What you are asked to do
The reply should hold only the lines below beginning at the one with "Rustic Wrangler Men's" and ending at the one with "Harry Potter and", copied exactly, with every picture left out.

Recorded information
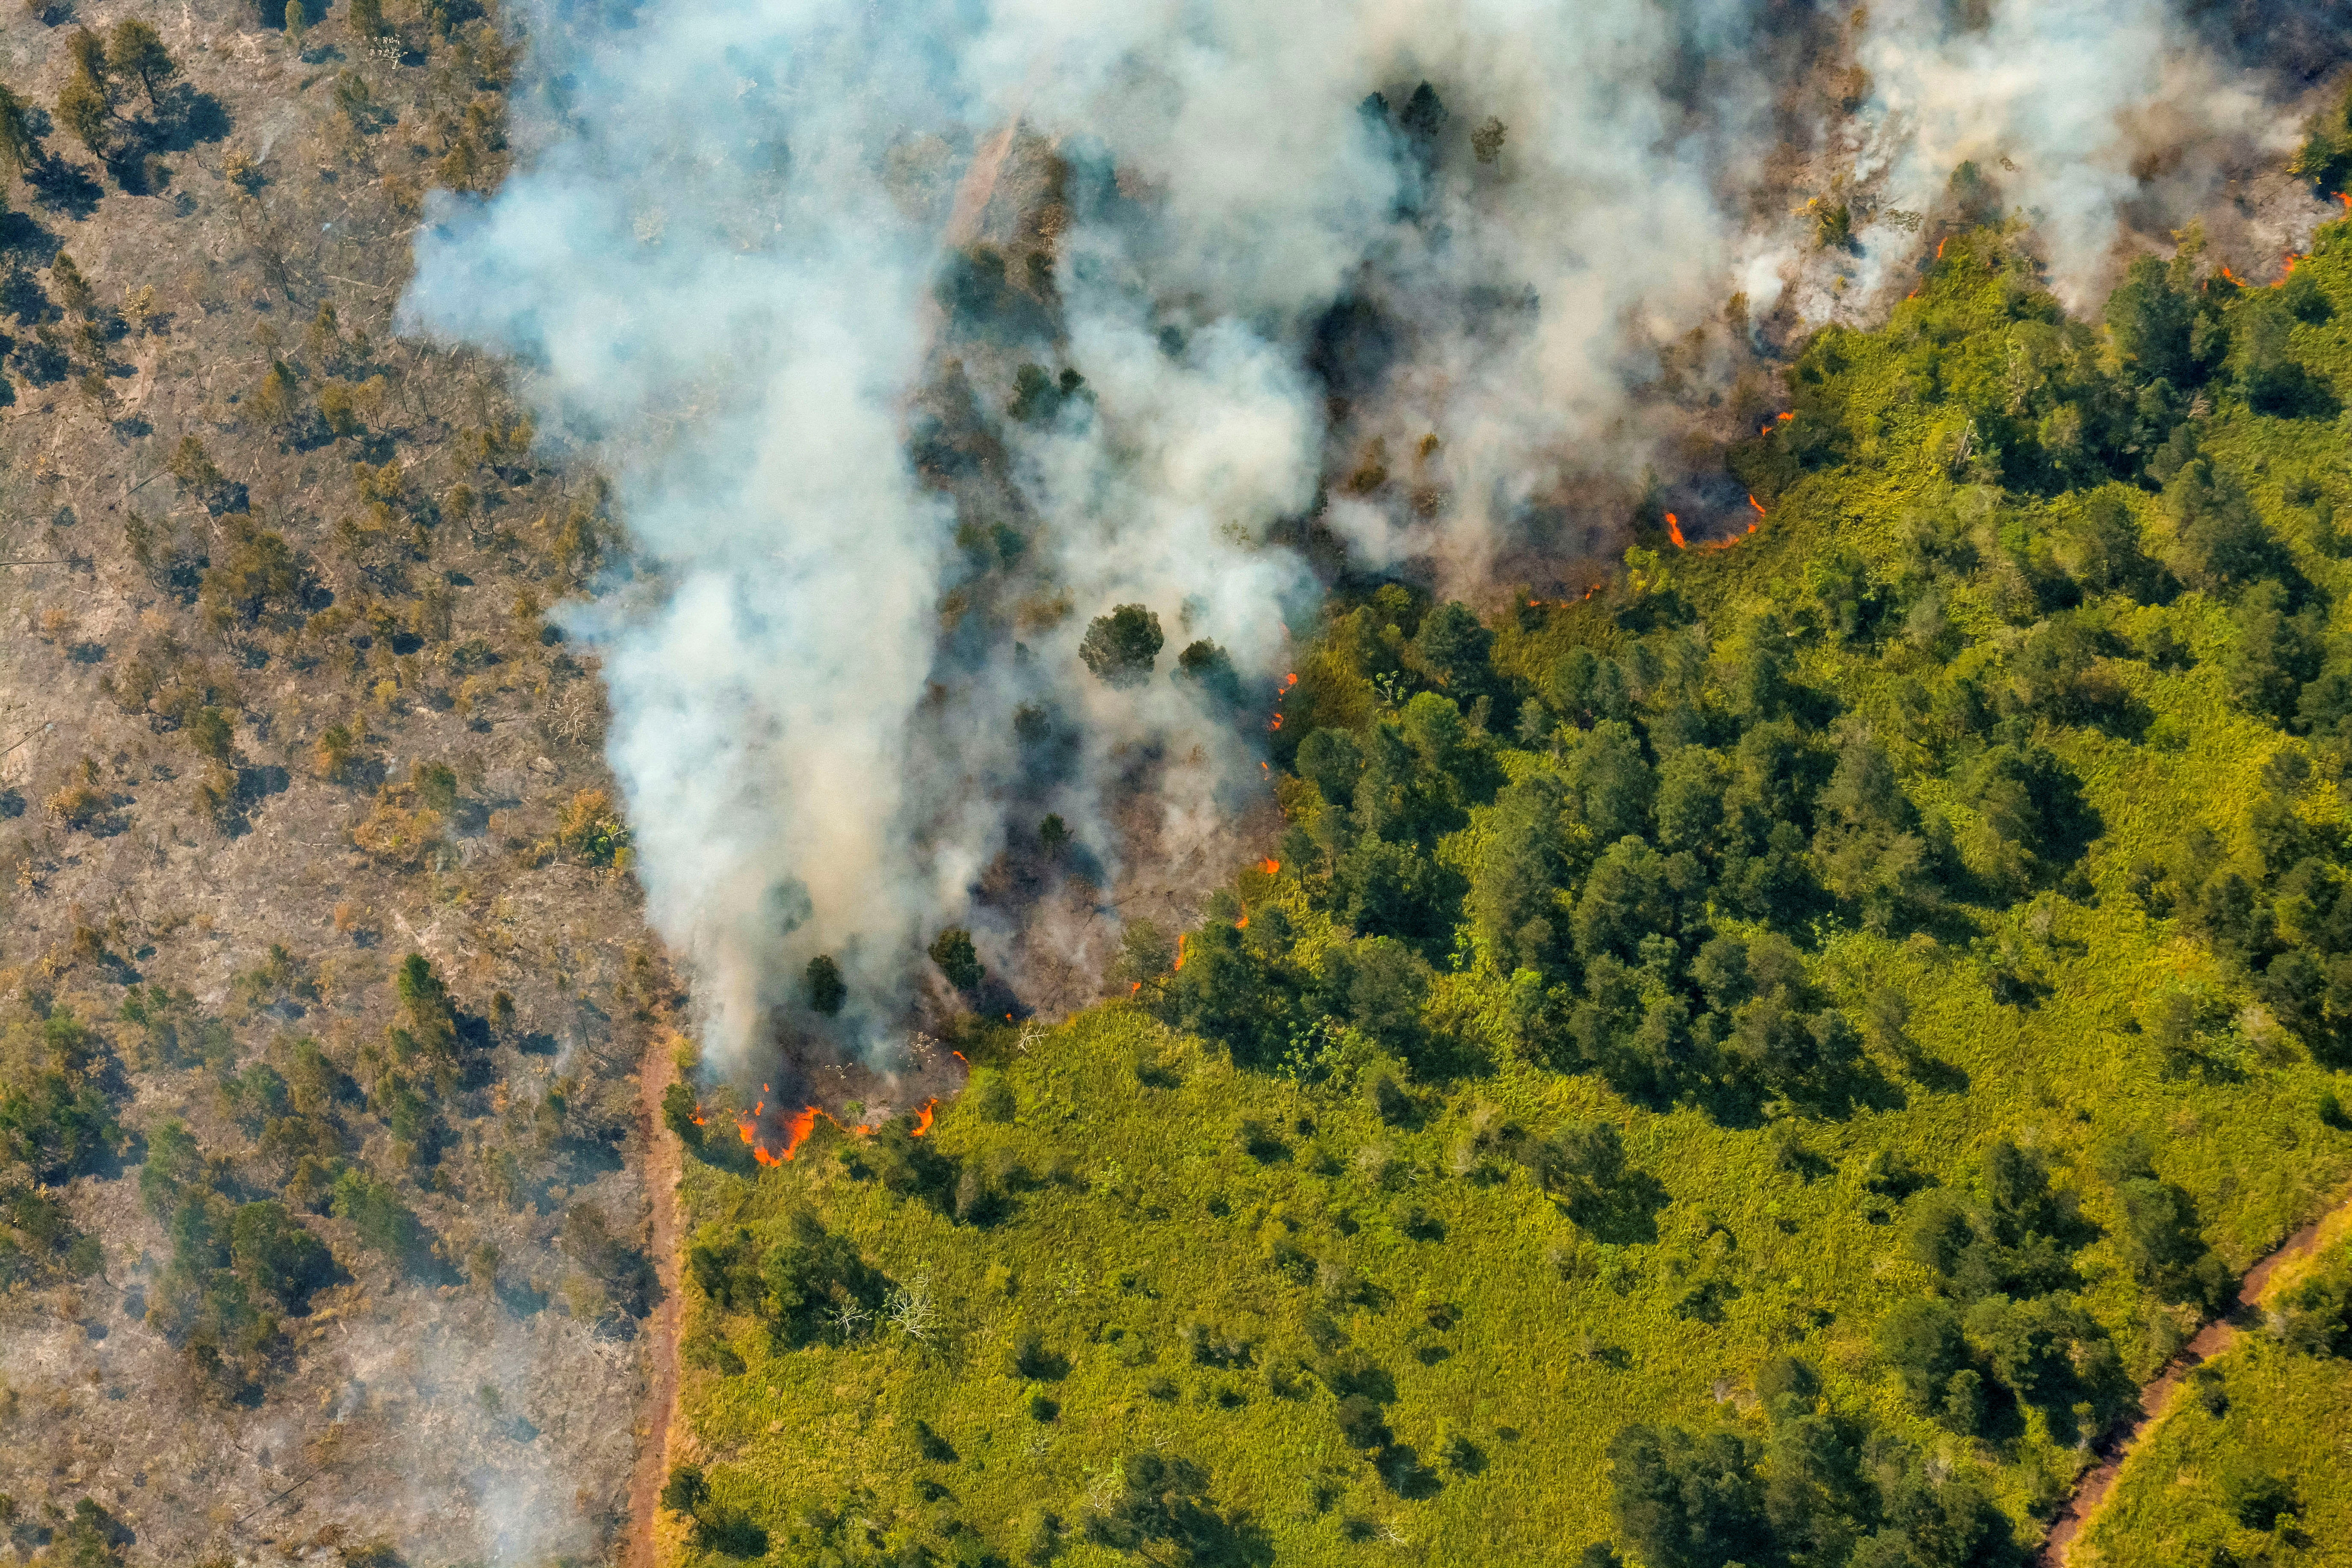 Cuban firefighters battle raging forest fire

...

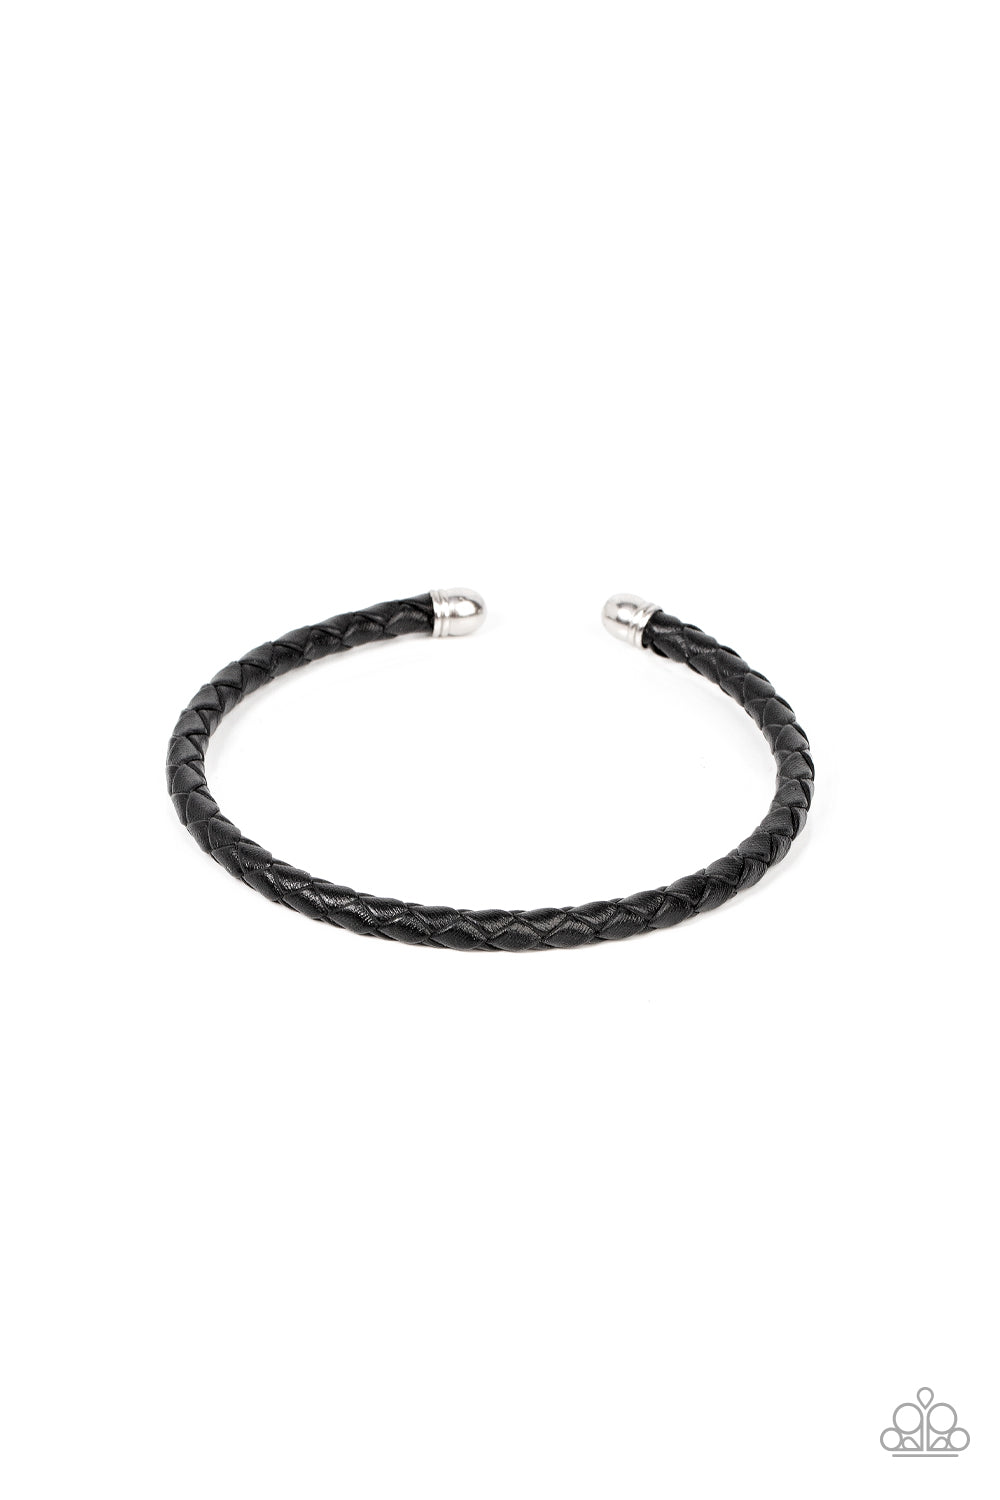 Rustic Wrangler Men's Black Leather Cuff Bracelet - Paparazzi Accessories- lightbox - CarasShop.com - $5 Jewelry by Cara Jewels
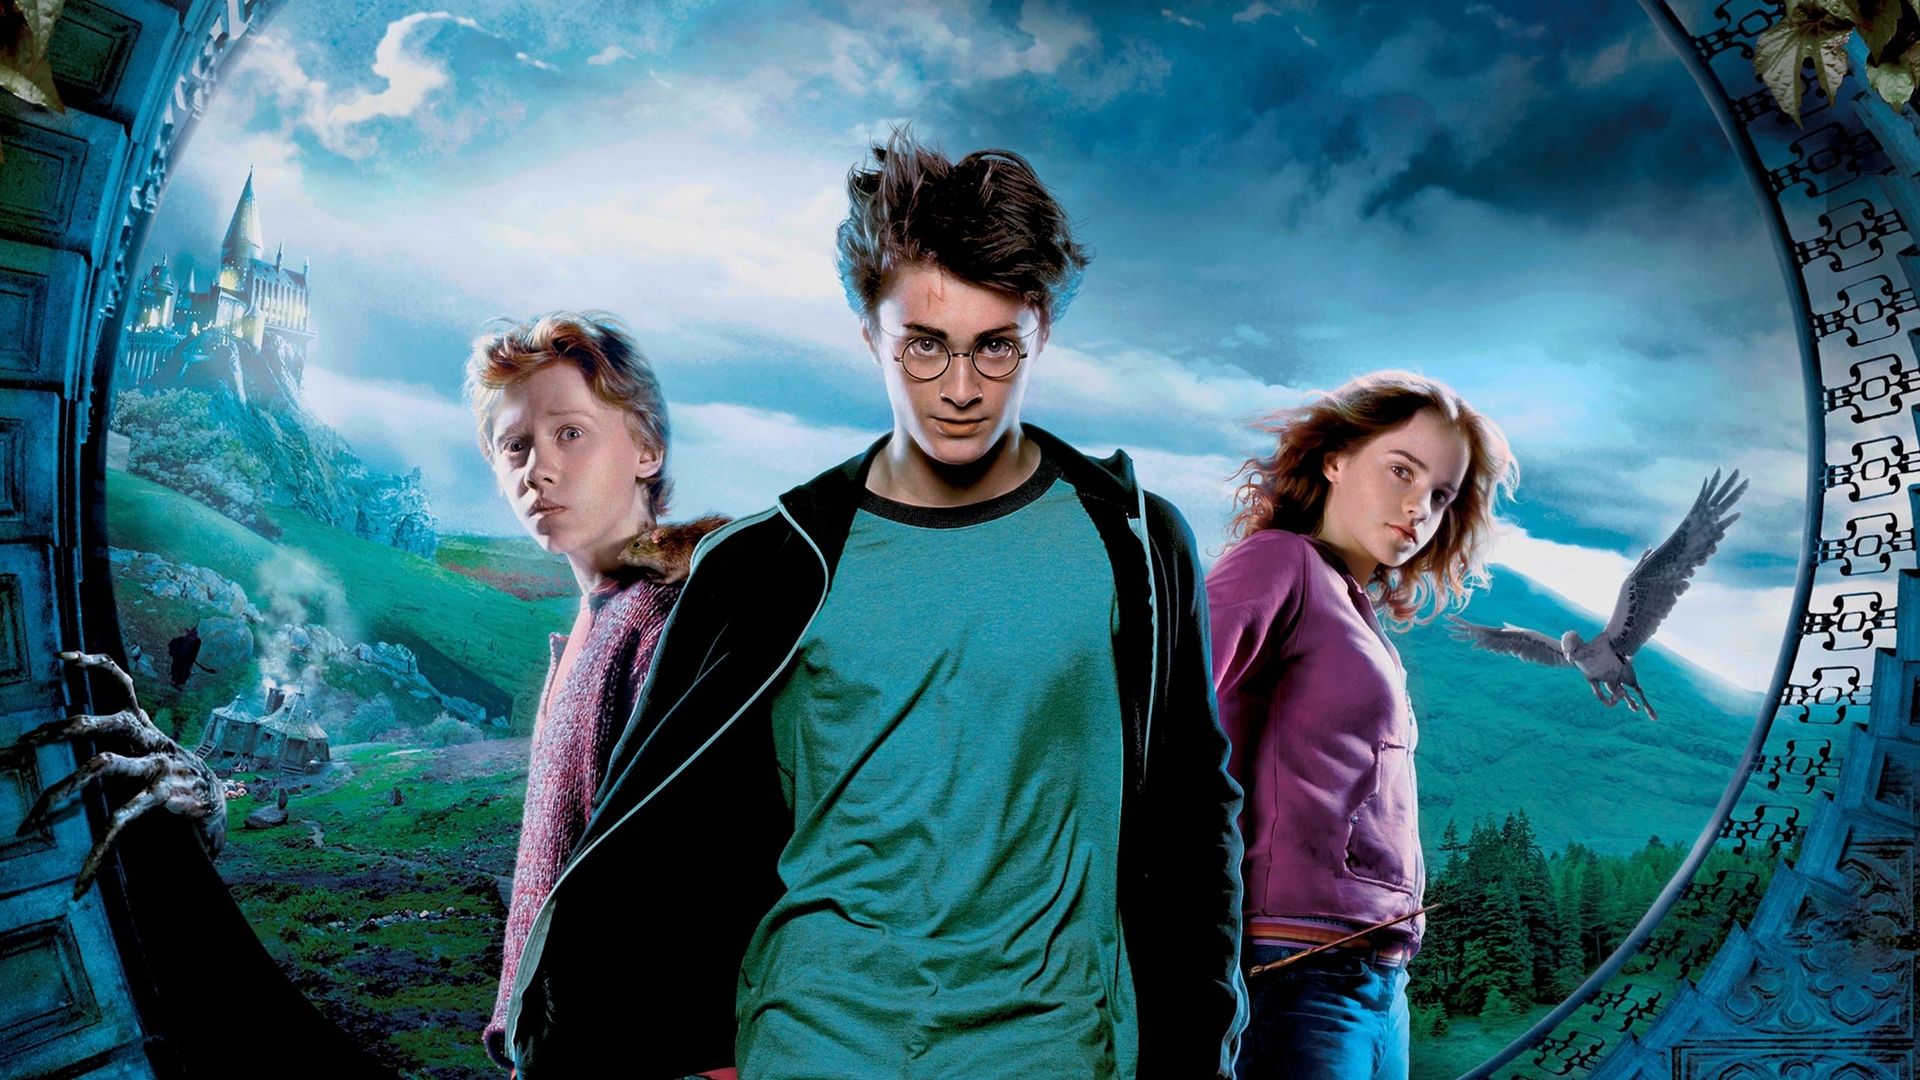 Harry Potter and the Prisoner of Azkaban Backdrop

The answer
 Rustic Wrangler Men's Black Leather Cuff Bracelet - Paparazzi Accessories- lightbox - CarasShop.com - $5 Jewelry by Cara Jewels
 Harry Potter and the Prisoner of Azkaban Backdrop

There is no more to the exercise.